Paving company to challenge ruling in Beltway project

A road-widening job on the Las Vegas Beltway and the 200 jobs it would create will be stalled for months as the case grinds its way through the federal courts.

Las Vegas Paving gave formal notice Friday that it would challenge a federal judge who ordered Clark County to award Fisher Sand and Gravel a contract to improve the northern Beltway.

Las Vegas Paving will file an appeal in about 60 days with the 9th U.S. Circuit Court of Appeals, said Jim Barker, the company’s attorney.

The main question is whether U.S. District Judge Robert Jones overreached by imposing a bid award rather than letting county commissioners handle it, Barker said.

“Did the judge have the authority to do what he did in light of the evidence presented to him?” he said.

Barker estimates it will be at least a year before the appeal is heard. Until then, the county can’t hire a contractor to improve the Beltway section in the midst of the dispute, Barker said.

Fisher and Las Vegas Paving were vying to do improvements on the Beltway between Decatur Boulevard and Tenaya Way.

Commissioner Steve Sisolak said he’d prefer not waiting to generate much-needed jobs.

He suggests taking the $120 million earmarked for this project and spending it on a different roadway in a different part of the valley.

“I would like to explore with our legal counsel doing a completely unrelated project and creating jobs and getting some work done while this thing works its way through the legal process,” Sisolak said.

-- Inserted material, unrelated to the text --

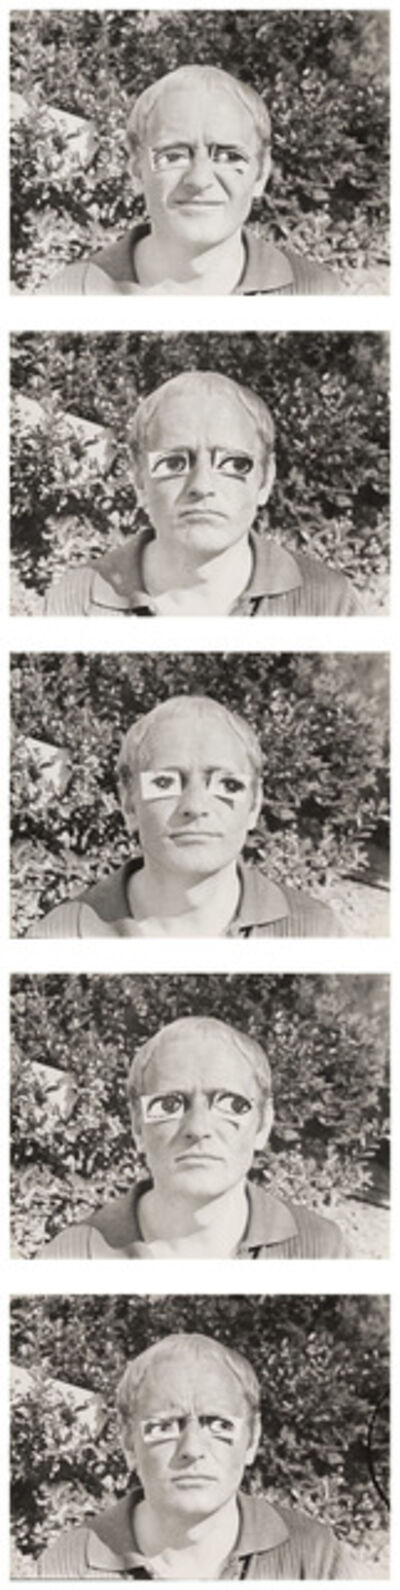 Károly Kismányoky, 'With the Eyes of Others I - IV', 1973

The pending appeal is the latest round in a legal battle that has dragged on for almost a year. The tussling has gotten increasingly combative, with commissioners being accused of bias and acting corruptly.

Last year, commissioners awarded Las Vegas Paving the Beltway contract, even though Fisher bid $4.6 million less.

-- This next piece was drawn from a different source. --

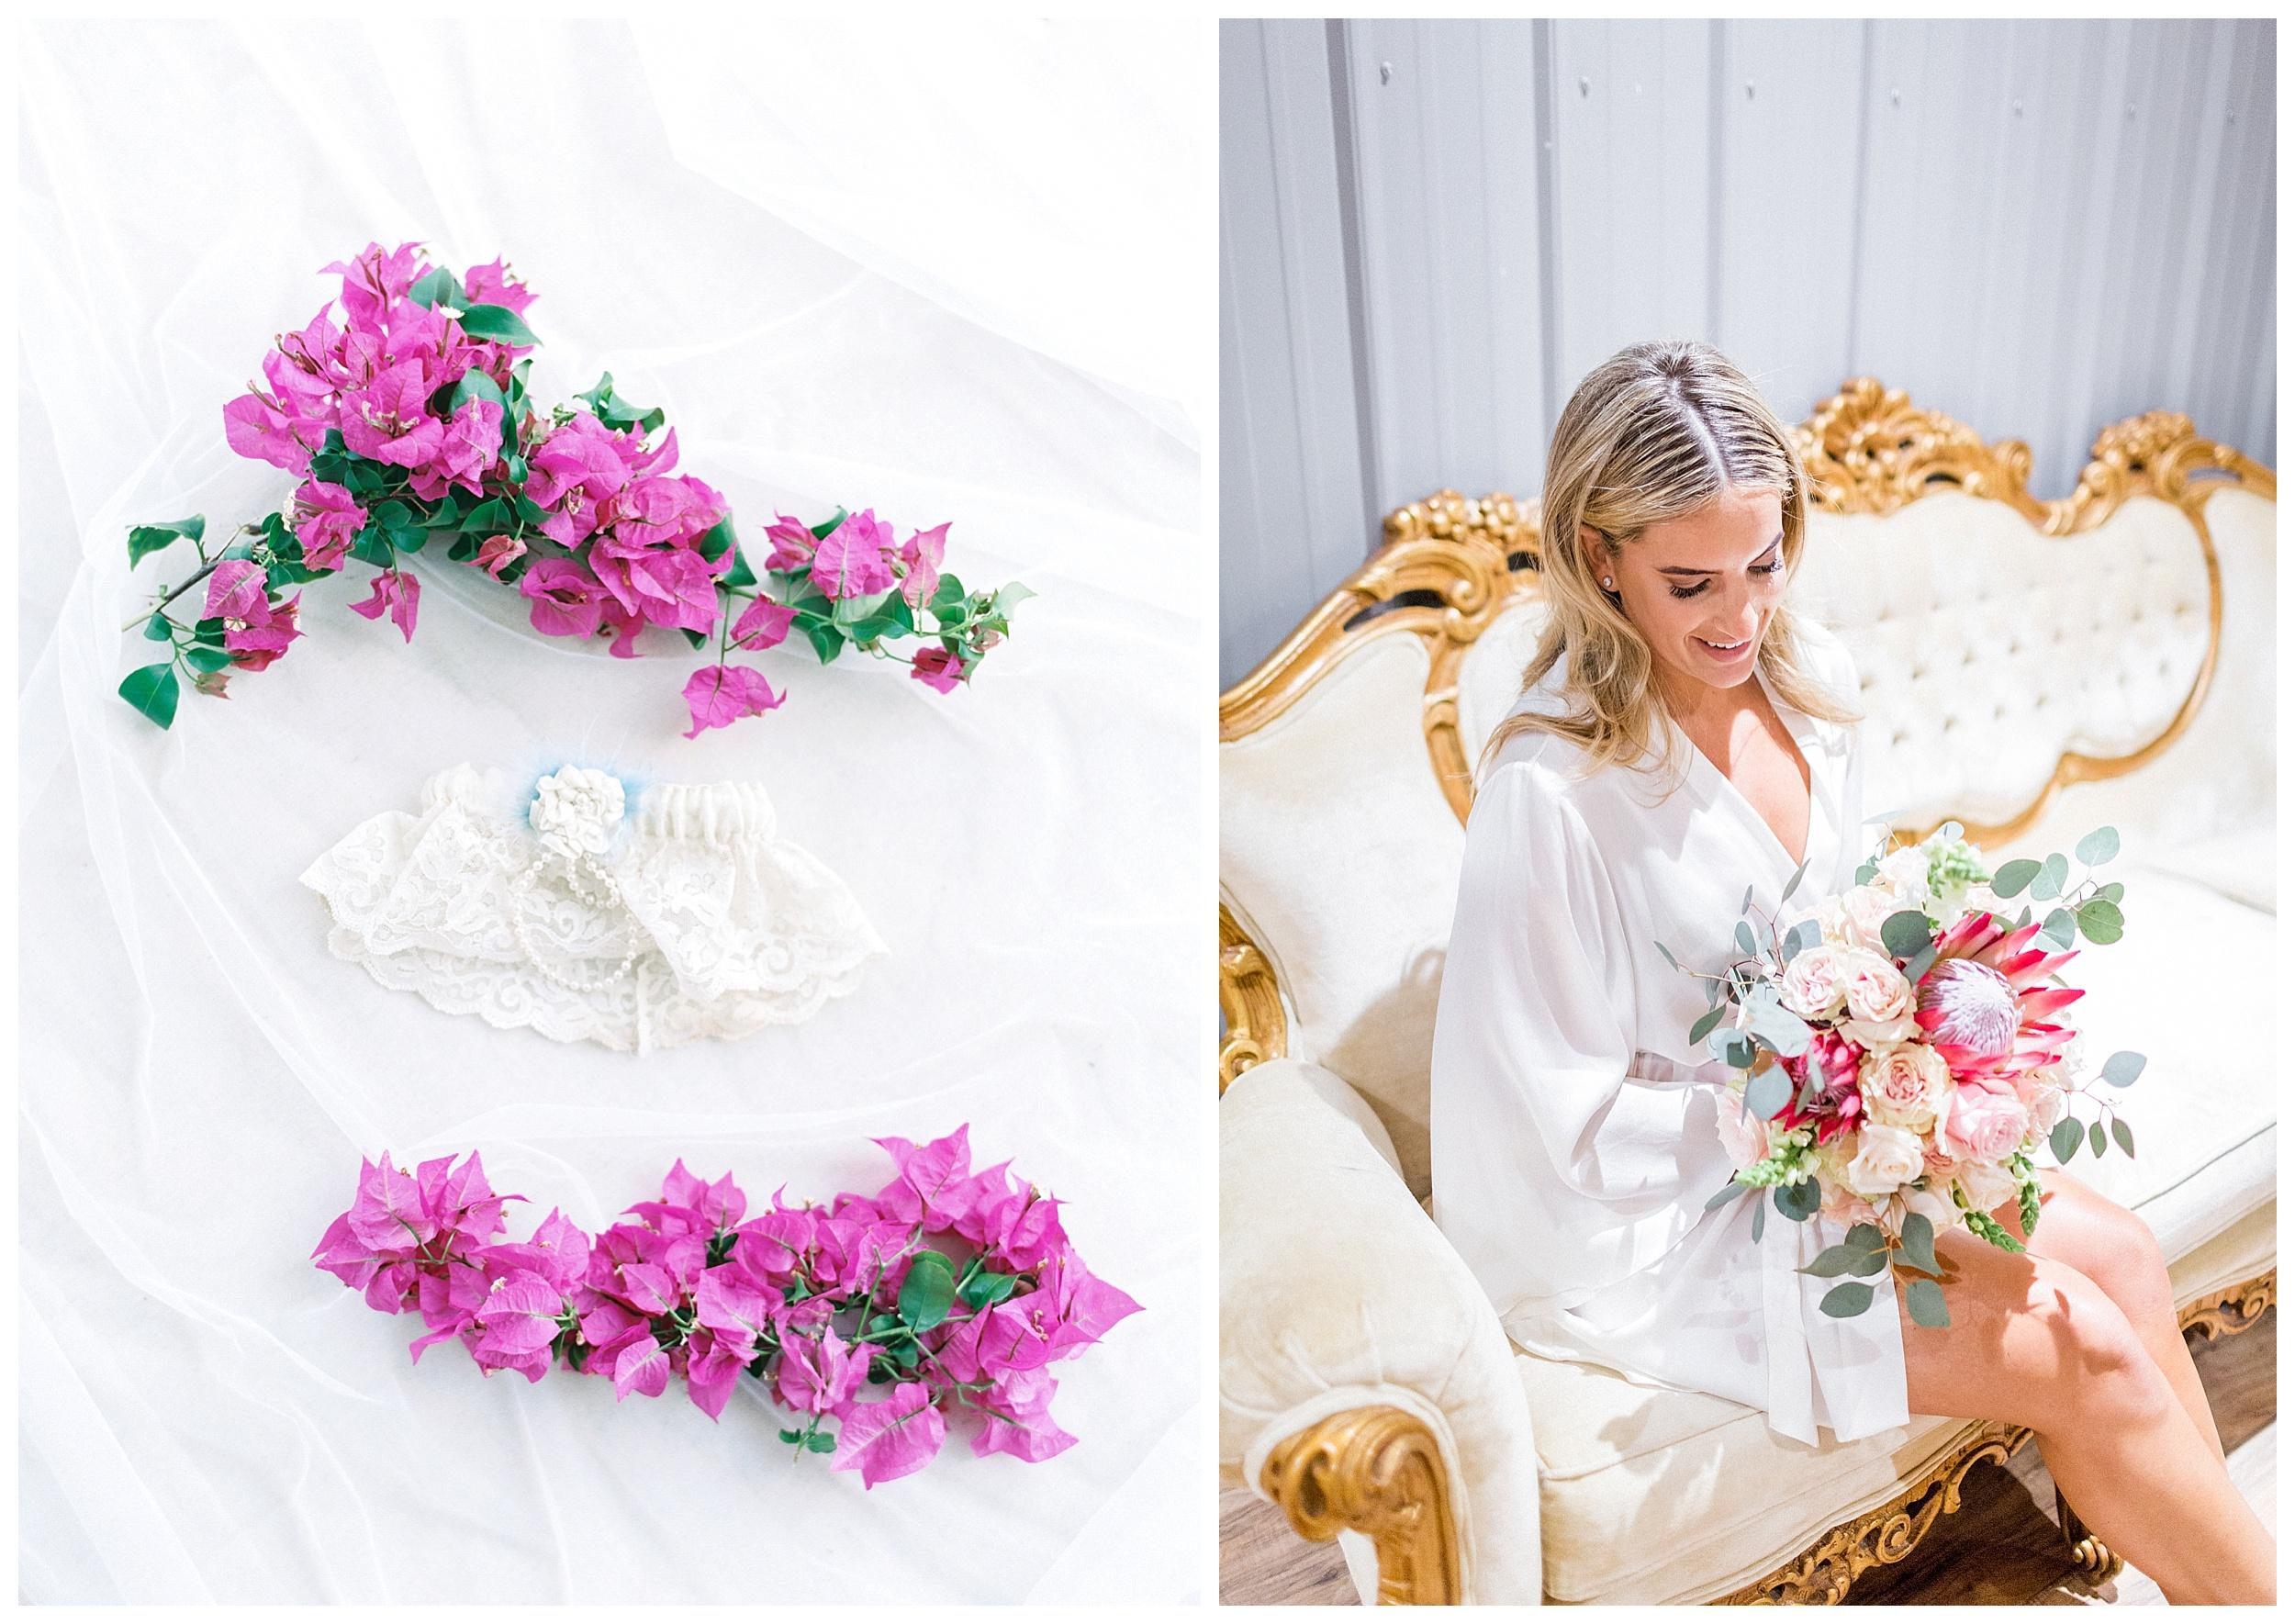 South Florida Wedding Photographer Kir Tuben_0002.jpg

Fisher’s attorney Stan Parry had accused commissioners of having a pro-union bias because Las Vegas Paving is a union shop and Fisher is not. Parry couldn’t be reached for comment Friday.

Parry had also argued that Fisher was denied due process the second time commissioners rejected the contractor. He said Sisolak blindsided Fisher by citing violations the company had incurred — for pollution, job safety lapses and tax fraud — without giving executives a chance to respond.

Jones in September ordered the bid to be reconsidered, and that Commissioners Sisolak and Tom Collins would not participate. He also ruled that Fisher must be allowed to screen all questions beforehand.

Commissioners decided to scrap the project and take new bids on a modified version that improved the same stretch of Beltway and added an interchange. The judge viewed this maneuver as defying his order. He accused the commission of being biased toward unions and acting corruptly. On Jan. 5, he ordered the county to award Fisher the contract.

Barker said accusations of union bias don’t hold up because the county has awarded 65 percent of publics works projects in the past two years to non-union contractors.

“That’s just not true,” Barker said.